Cuando Daniel cumplió tres años, en un chequeo médico descubrieron una enfermedad grave. El médico sugirió un test genético para descartar lo peor. Lucía y Antonio se miraron, sabiendo la verdad: Javier lo descubriría todo.
Ella lo pensó mucho, pero al final decidió:
—Por la salud de mi hijo, aceptaré las consecuencias.
Los días de espera fueron angustiosos. Javier, creyendo que era solo el miedo por Daniel, decidió recoger los resultados antes que ella. Lo que leyó lo dejó helado.
—¿Daniel no es mío? ¿Es un error? ¿O es verdad?
El escándalo fue inevitable. Ante la presión, Lucía confesó: Daniel era hijo de Antonio.
Javier entró en shock.
—¿Qué clase de broma es esta? ¡No me lo creo!
Pero Antonio lo confirmó:
—Hijo, es verdad. Estabas muy ocupado… y una mujer necesita atención. No sé cómo pasó.
—¡Os odio! ¡Traidores! —gritó Javier antes de salir corriendo.
Poco después, inició el divorcio. Lucía y Antonio se quedaron en la casa, mientras él regresó al piso de su padre. Daniel necesitaba tratamiento, y pasaron meses en hospitales hasta que la enfermedad remitió.

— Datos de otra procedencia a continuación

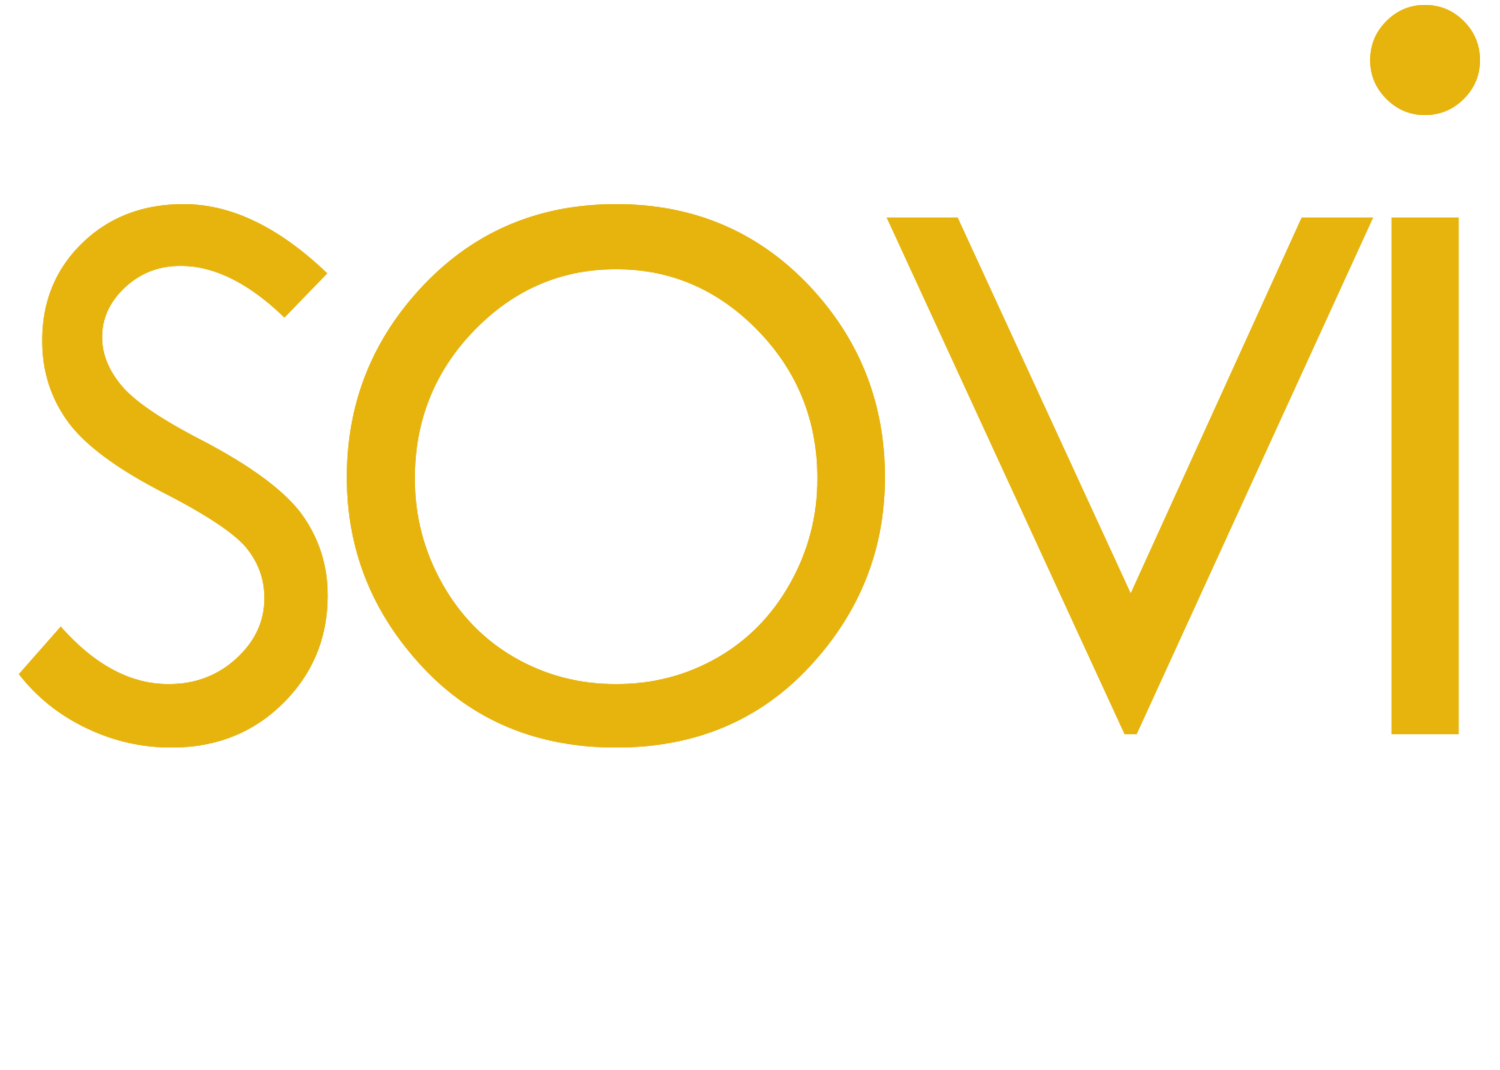 Sovi Landscape Architecture

—Dios me castiga —pensaba Lucía—. La enfermedad de mi hijo es la retribución por mi pecado.
Javier también sufría, encerrado en su dolor por la doble traición:
—Duele que te engañen. Duele el doble cuando son los que más deberían ser leales.
Con el tiempo, Daniel se recuperó. Antonio, lleno de culpa, visitaba la tumba de su esposa y la iglesia, pidiendo perdón. Pero era tarde.